In the above case, each of the platform’s internal customers use common features, as well as having their own specific features provided by the platform. The common features might be basic supply management, whereas each customer may have specific requirements around how the items have to be packaged and stored.

In the traditional approach, if the grocery department needs to build a new feature, they would need to engage the supplier management team, have them prioritize and coordinate delivery, as well as any of their other dependencies in order to get the feature delivered. However, to improve time to market it would be beneficial if the grocery department could build the required feature themselves.

Enterprise platform example #2

Let’s take another example of a food delivery service. Let us say there are two divisions, a driver management division and a restaurant management division. Assume that the driver management division wants to send an end of day summary of deliveries to the drivers. At the same time, the restaurant management division wants to send a summary of food delivered from each restaurant. In the traditional model, both the requests need to go to the same team for prioritization and implementation. In the new model, both the divisions should be able to work simultaneously and respond to their corresponding market needs.

Below I will explain how platforms would enable such a way of execution.

How could enterprises leverage platforms to modernize their operations

A large organization could comprise multiple platforms as shown in the highly simplified example below of a retail enterprise.

Example of an enterprise with platforms for order management, payments, supplier management, fulfillment and customer service

How is this different from how enterprises are traditionally organized? It looks very similar, however, the key difference is how the platform is built and how that transforms the way an enterprise operates.

Traditional enterprises typically have layers and layers of components with teams responsible for each layer. Generally, the business is operating at the top layer, with limited-to-no ability to make system changes; they can mostly do configuration changes only.

A platform model also has layers - maybe more than what traditional organizations have - however, the ownership to make changes is federated to allow for the business to respond to market needs in a timely manner.

Software development happening within business unit boundaries in platform model vs within application boundaries in traditional model

A platform will be worked on by two types of teams - business focused teams and technology focused teams.

Business focused teams

Work through rapid experimentation and prototyping to look for opportunities to better engage with customers so as to gain insights on their needs, behaviours, etc. This data is then used to better serve them, which in turn should help increase engagement and eventually revenue. These are generally cross functional teams that may include software engineers, data and business analysts, as well as people focused on marketing, operations, and social media experts. The business focused team would leverage the platform to evolve the business.

Technology focused teams 

Would work on enabling the platform to evolve based on business and technology needs. They ensure that the platform is stable and has the right checks and balances so that many teams can work together while minimizing disruptions. The technology focused teams will also work on concrete implementation of the experimental capabilities built by the business focused teams. There may be different types of such teams with very different roles to play.

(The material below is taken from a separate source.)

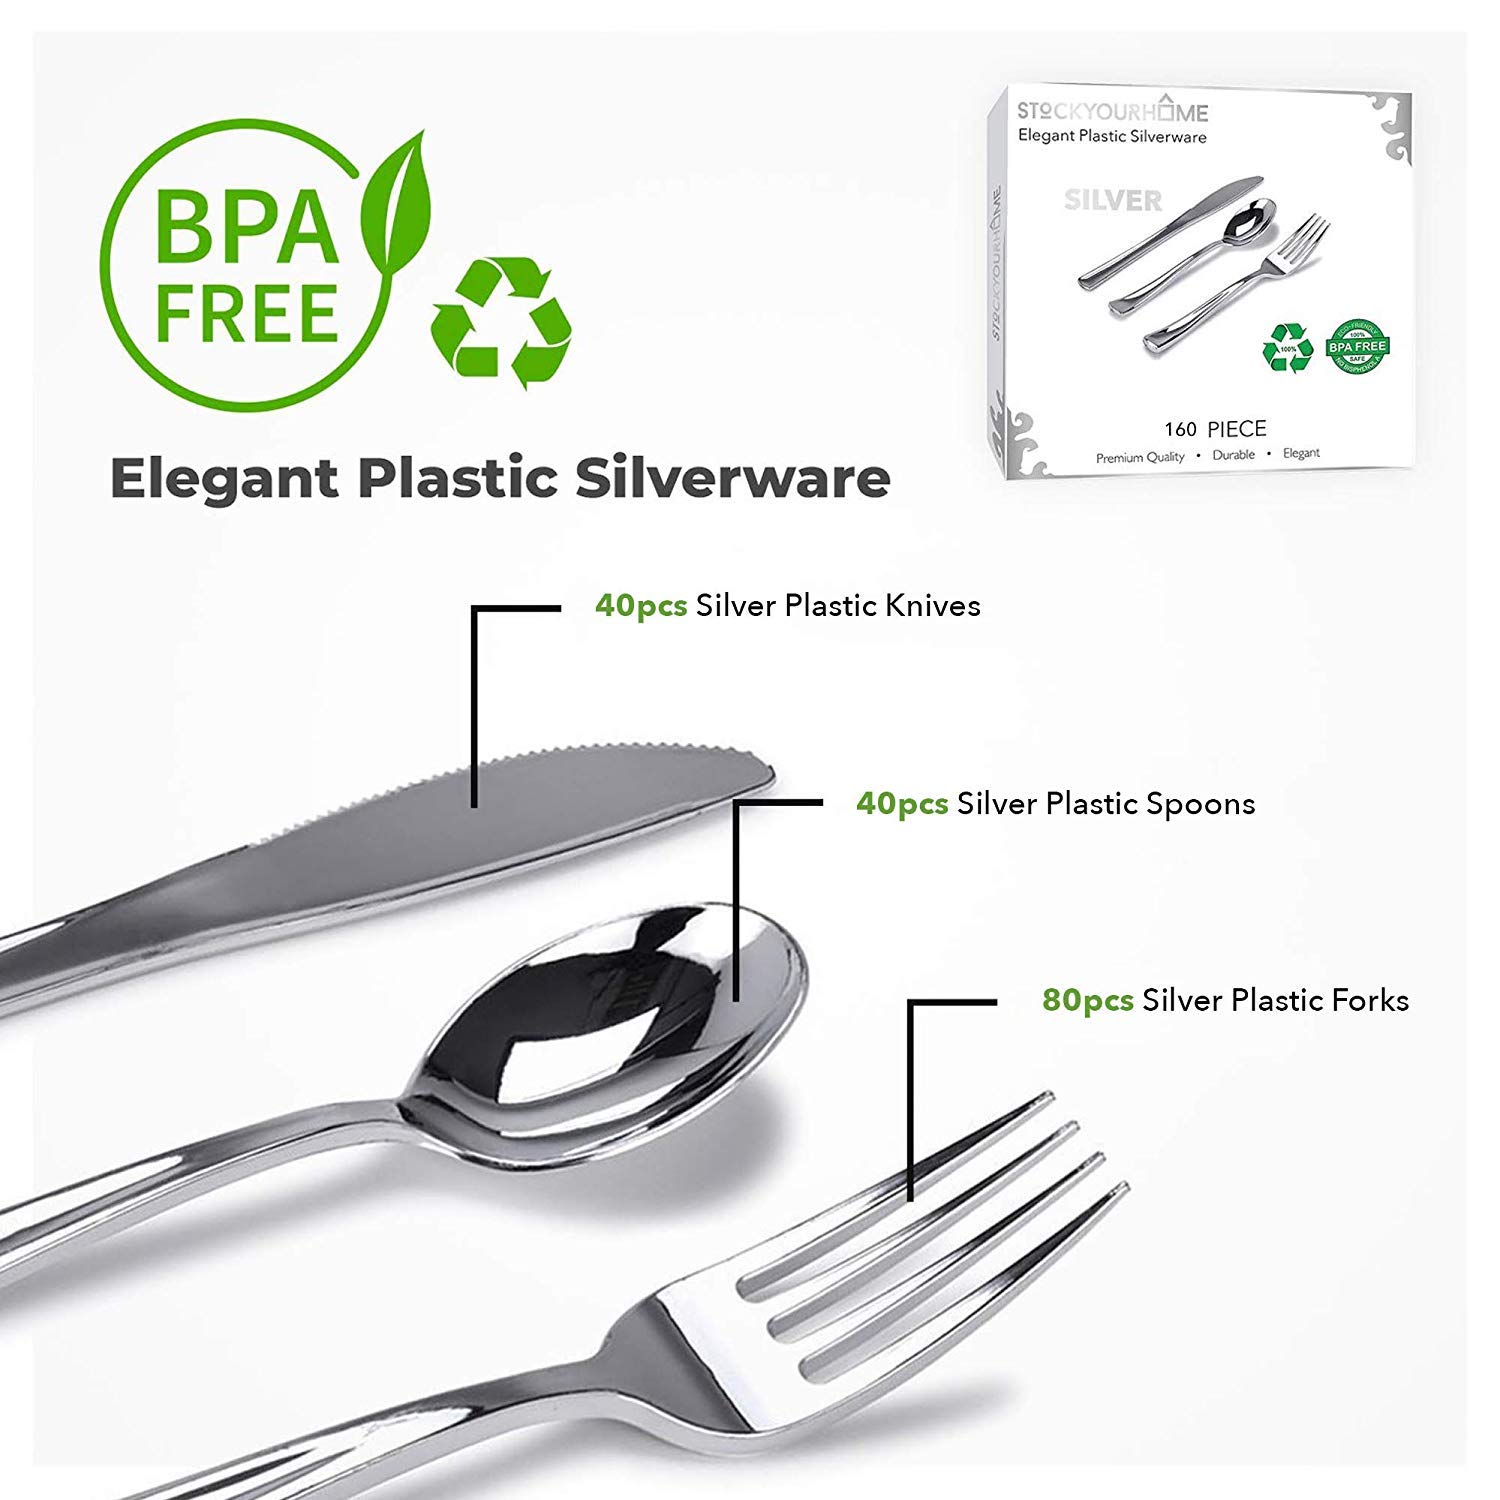 160 Pack Silver Plastic Cutlery Disposable Silverware - 80 Forks, 40 Knives, 40 Spoons - For Catering, Parties, Dinners, Weddings, and Everyday Use

This is very similar to the concept of bi-modality by Gartner. However, I want to say here that both the teams continuously innovate; one in the business domain and the other in the technology domain.

A way to construct platforms in enterprises

What are the building blocks of a platform? Let us take a look. A platform at its core will have the following three components:

  1. Capabilities Capabilities use multiple applications and frameworks to accomplish a business function. For example, an order placement capability may leverage an order management system, payment processing system, alerting system, and API framework to build that capability end to end. The concept of microservices aligns with capabilities.
  2. Applications Applications are built for meeting certain specific needs. An example would be a letter generating system, customer information system, etc.
  3. Frameworks These are internal frameworks that can be leveraged by teams in building applications. An example would be an API framework, DevOps framework, testing frameworks, etc.
Different types of software development teams working in a platform ecosystem

Let us now look at the different possible types of technology teams:

  • Capabilities teams: Such teams will primarily own a capability end to end and work on enhancing it further. They mainly work on key organizational initiatives or develop concrete implementations of concepts tested out by customer facing teams. Will often include full stack software engineers, and a business representative (referred to as product owner in Scrum).
  • Application core teams: These teams will own individual applications, primarily focusing on application infrastructure, architecture, guidelines, and testing strategy. They will make key decisions on the application roadmap. This team primarily includes software engineers and a product owner (either from business or technology).
  • Platform core teams: These teams are very similar to the application core team. However, they own the platform. They also primarily focus on infrastructure, architecture, guidelines, and test strategy. They will make key decisions on the platform roadmap.
  • Framework and tools teams: Mainly exist in the enterprise level, creating frameworks and tools needed by the rest of the teams. Can include, software engineers, system integrators, and the technical product owner.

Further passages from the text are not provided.